1. What is the time, and space complexity of the following code:

a = 0 b = 0 for i in range(N): a = a + random()

for i in range(M): b= b + random()

1. O(N * M) time, O(1) space
2. O(N + M) time, O(N + M) space
3. O(N + M) time, O(1) space
4. O(N * M) time, O(N + M) space

Number 3 because In the code the it looks like there are some variables being added together. I am not too sure about the space part.

2. What is the time complexity of the following code:

a = 0; for i in range(N): for j in reversed(range(i,N)): a = a + i + j;

1. O(N)
2. O(N*log(N))
3. O(N * Sqrt(N))
4. O(N*N)

I'm not quite sure about this one?

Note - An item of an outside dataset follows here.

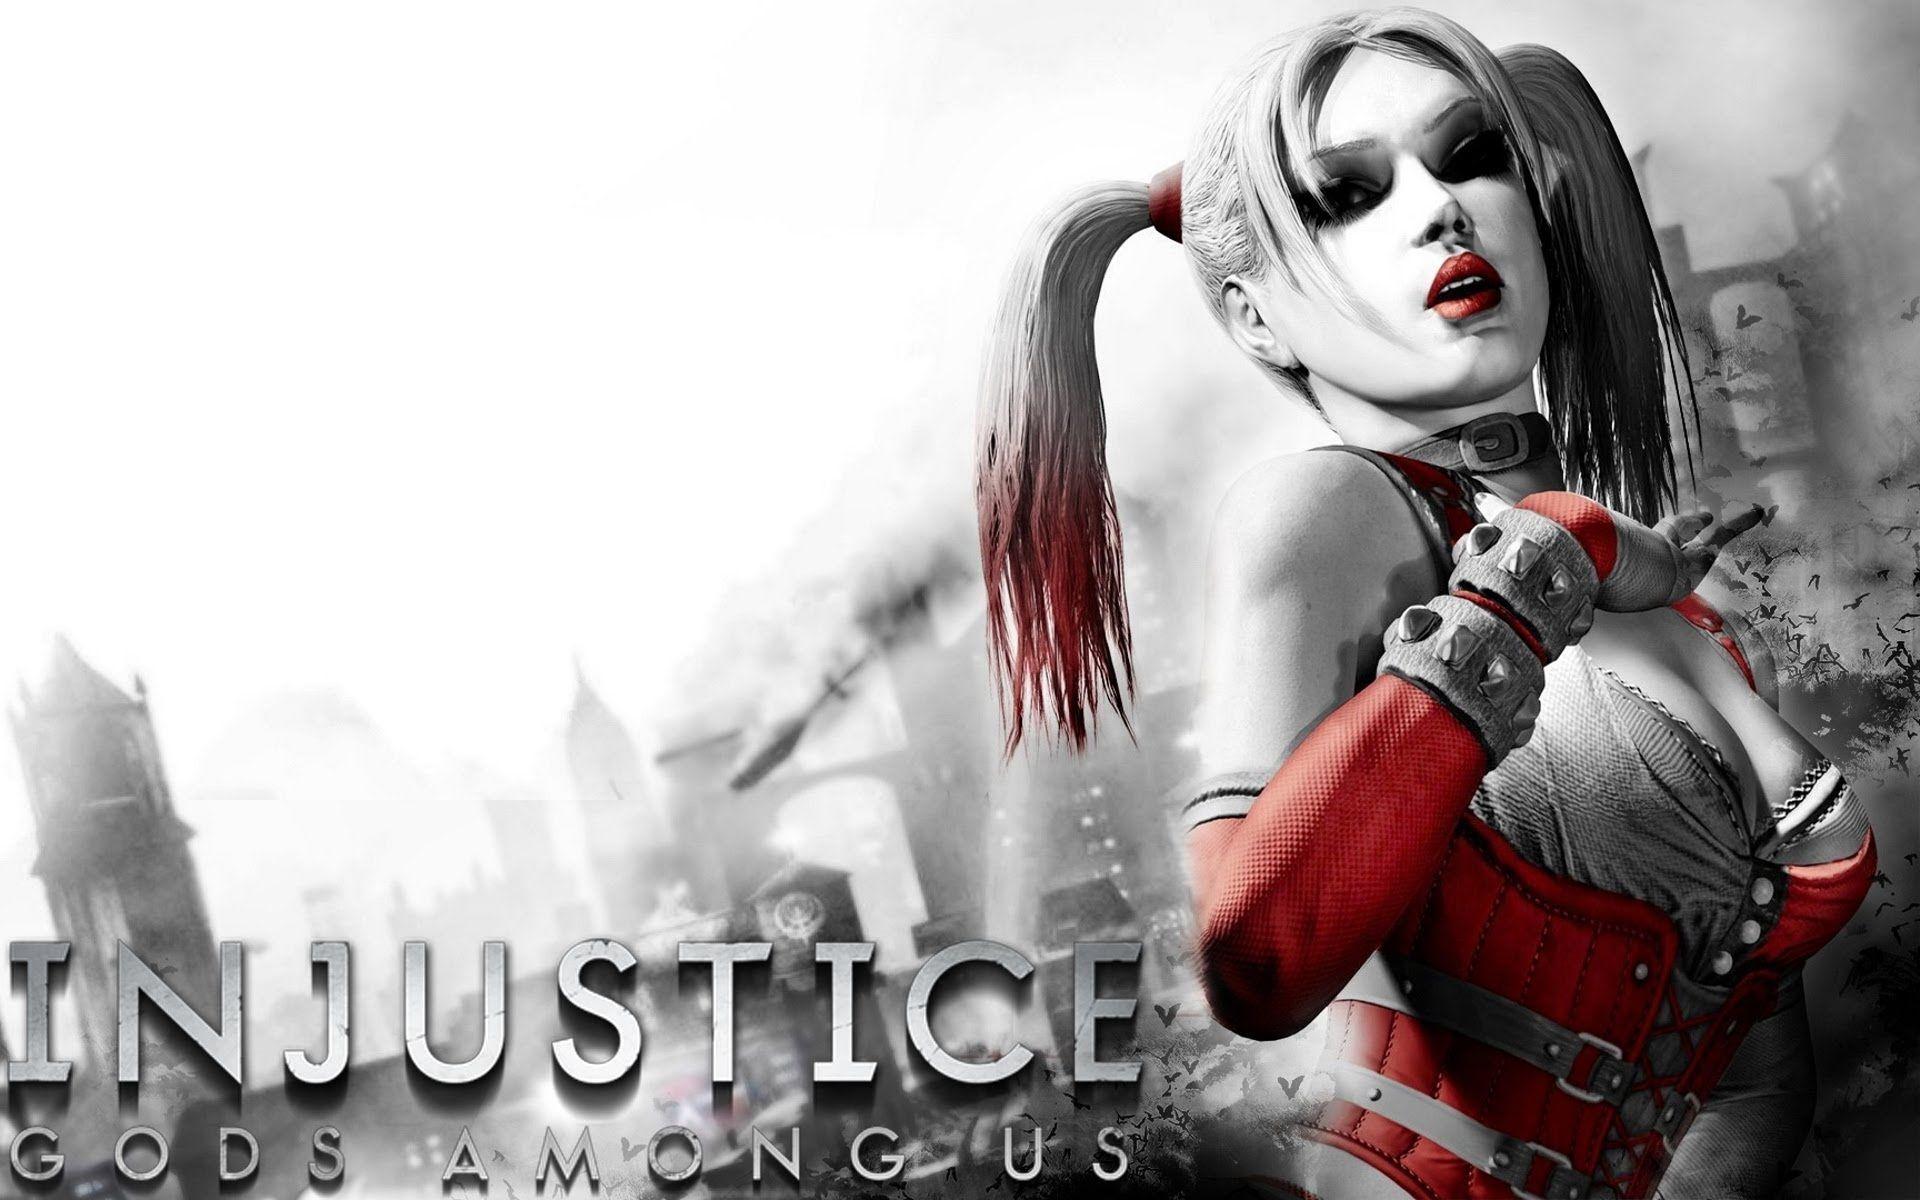 Harley Quinn Injustice Wallpapers On Wallpaperdog

I thought it was number 1 because it has the reverse function in it but it is numebr 4 and I'm not sure why.

3. What is the time complexity of the following code:

k = 0; for i in range(n//2,n): for j in range(2,n,pow(2,j)): k = k + n / 2;

1. O(n)
2. O(N log N)
3. O(n^2)
4. O(n^2Logn)

The answer is 2 because j keeps doubling.

4. What does it mean when we say that an algorithm X is asymptotically more efficient than Y?

1. X will always be a better choice for small inputs
2. X will always be a better choice for large inputs
3. Y will always be a better choice for small inputs
4. X will always be a better choice for all inputs

The answer is 2 because it makes sense that if X is more efficient than Y, then it will be better at handling the large inputs than Y, so it would be a better choice.